Under the annual lease value method, the employer includes in the employee's W-2 income an amount from an IRS-provided table based on the fair market value of the automobile provided. This amount takes into account the value of the automobile itself--the cost of purchasing or leasing the vehicle plus the cost of insurance, taxes and license fees--plus the cost of maintaining the vehicle mechanically.

The annual lease value amount per the IRS table for an automobile worth $35,500 is $9,250. This amount assumes 100% personal use of the vehicle by the employee. To the extent that personal usage is less than 100%, the amount includible in the employee's W-2 income is reduced proportionately. Assume that the employee in question uses the automobile 90% for business purposes and 10% for personal purposes including commuting. The amount includible in the employee's income related to the availability of the automobile would be 10% of $9,250 or $925 per year.

The annual lease value method does not take into account the cost of fuel. If the Company also provides fuel, an additional amount must be added to the employee's income. The employer can choose to account for fuel based on its actual cost or use a simplified method. Under the simplified method, fuel is valued at 5.5 cents per mile. Again, the assumption is 100% business use, and the amount actually includible is reduced proportionately for the employee's business usage of the car.

Assume that the employee reports total usage of 1,000 miles per month and business usage of 900 miles per month; in other words, 90% business usage. The amount includible in the employee's W-2 for fuel would be 100 miles per month personal usage at 5.5 cents per mile$5.50 per month.

In this example, I have used 90% business usage simply for illustrative purposes. Keep in mind that commuting from the employee's home to the office is considered personal use of the automobile. Also keep in mind that it is ultimately the employer's responsibility to support the business usage claimed by the employee. It would be wise to evaluate the employee's statements regarding business usage for reasonability taking into account the employee's commuting distance to the office. If the employee in our example who drives 1,000 miles per month has a 20-mile round-trip commute and comes to the office 5 days per week, then there is 10% personal use in commuting alone. Obviously, the reported personal usage must be at least high enough to take into account the employee's commuting habits at a bare minimum. Otherwise, the business usage claimed is not credible on its face. IRS examiners routinely press this point.

Employer Tax Consequences

The annual lease value method and the simplified method of dealing with the cost of employer-provided fuel do not affect the employer's deductions at all. These methods simply represent short-cut, simplified rules for dealing with valuing the employee's personal use of an employer-provided automobile.

The employer is able to deduct the full amount of all expenses relating to ownership and maintenance of the automobile. In other words, the Company reports and deducts in full the lease payments, maintenance, taxes, license fees, and the actual cost of providing fuel.

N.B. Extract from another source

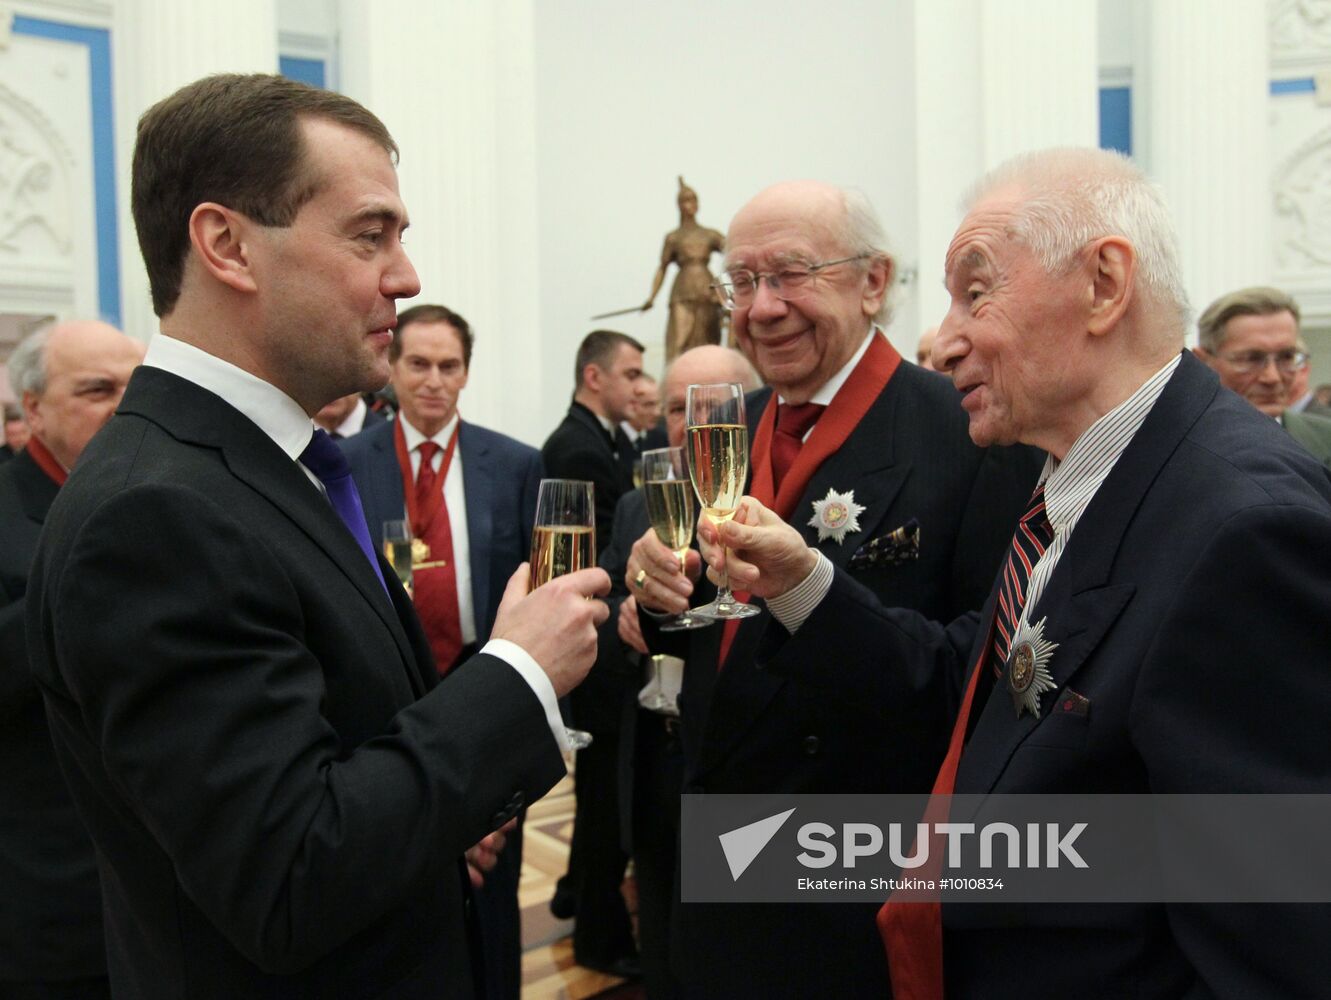 Dmitry Medvedev presents awards in Kremlin
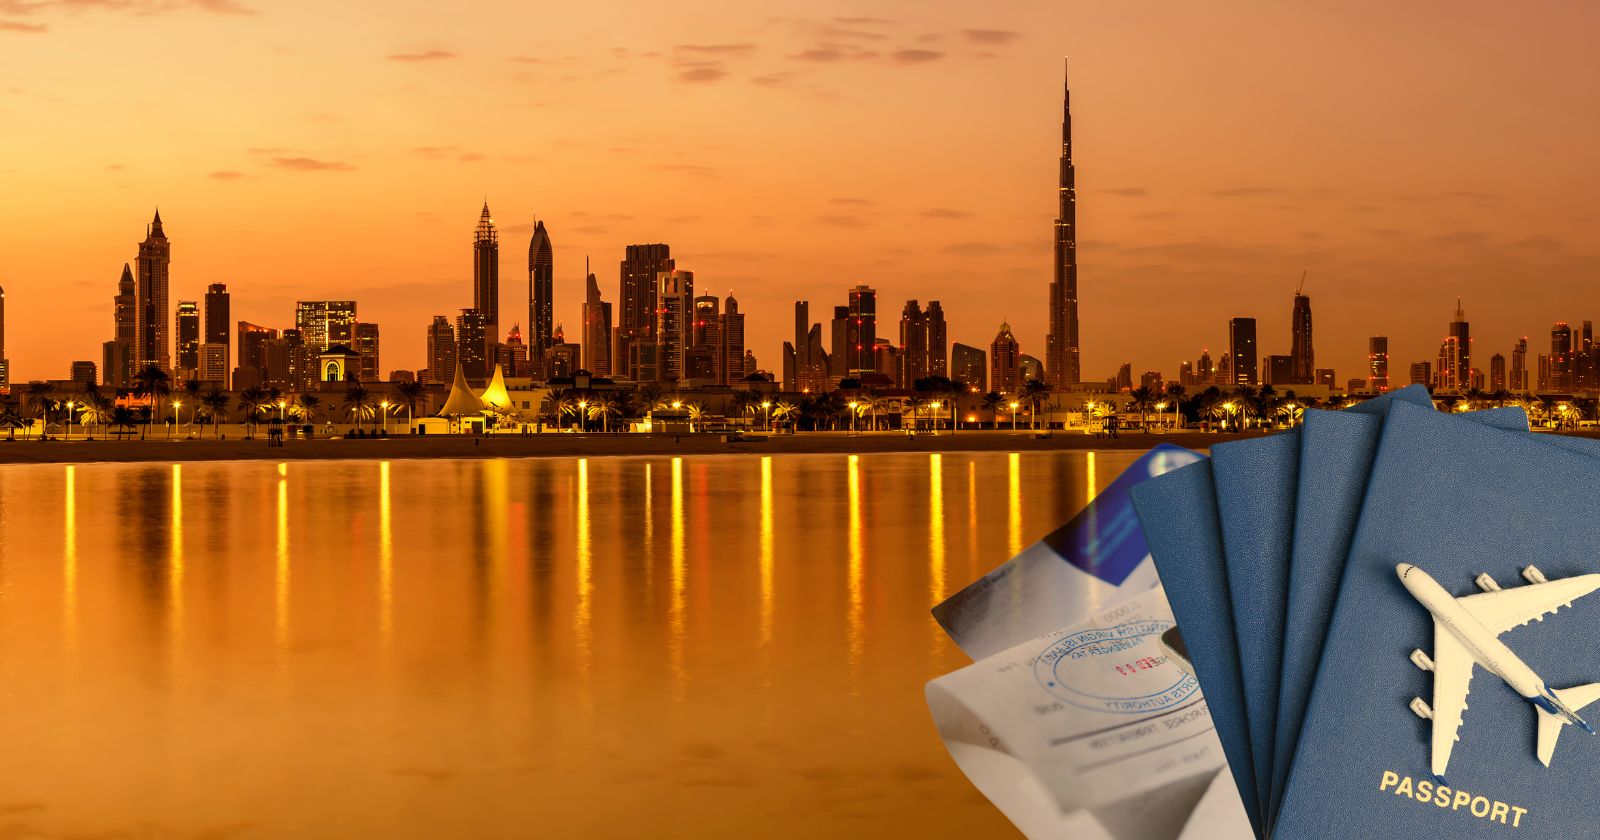 UAE Golden Visa: Your Golden Ticket to Prosperity

There is one additional item that must be taken into account where automobiles are concerned. You may be aware of what is commonly called the luxury car rules in which the deductions associated with ownership of what the government considers a luxury car are curtailed. For leased automobiles there is another IRS table that provides certain amounts that must be included annually in taxable income to take into account these rules. For an automobile worth $35,500, the amount is $161 for the first year, $355 for the second year, $526 for the third year, and $631 for the fourth year. These amounts have nothing to do with personal versus business use. 100% of the amounts set forth above must be included in taxable income as set forth above to account for the luxury car rules.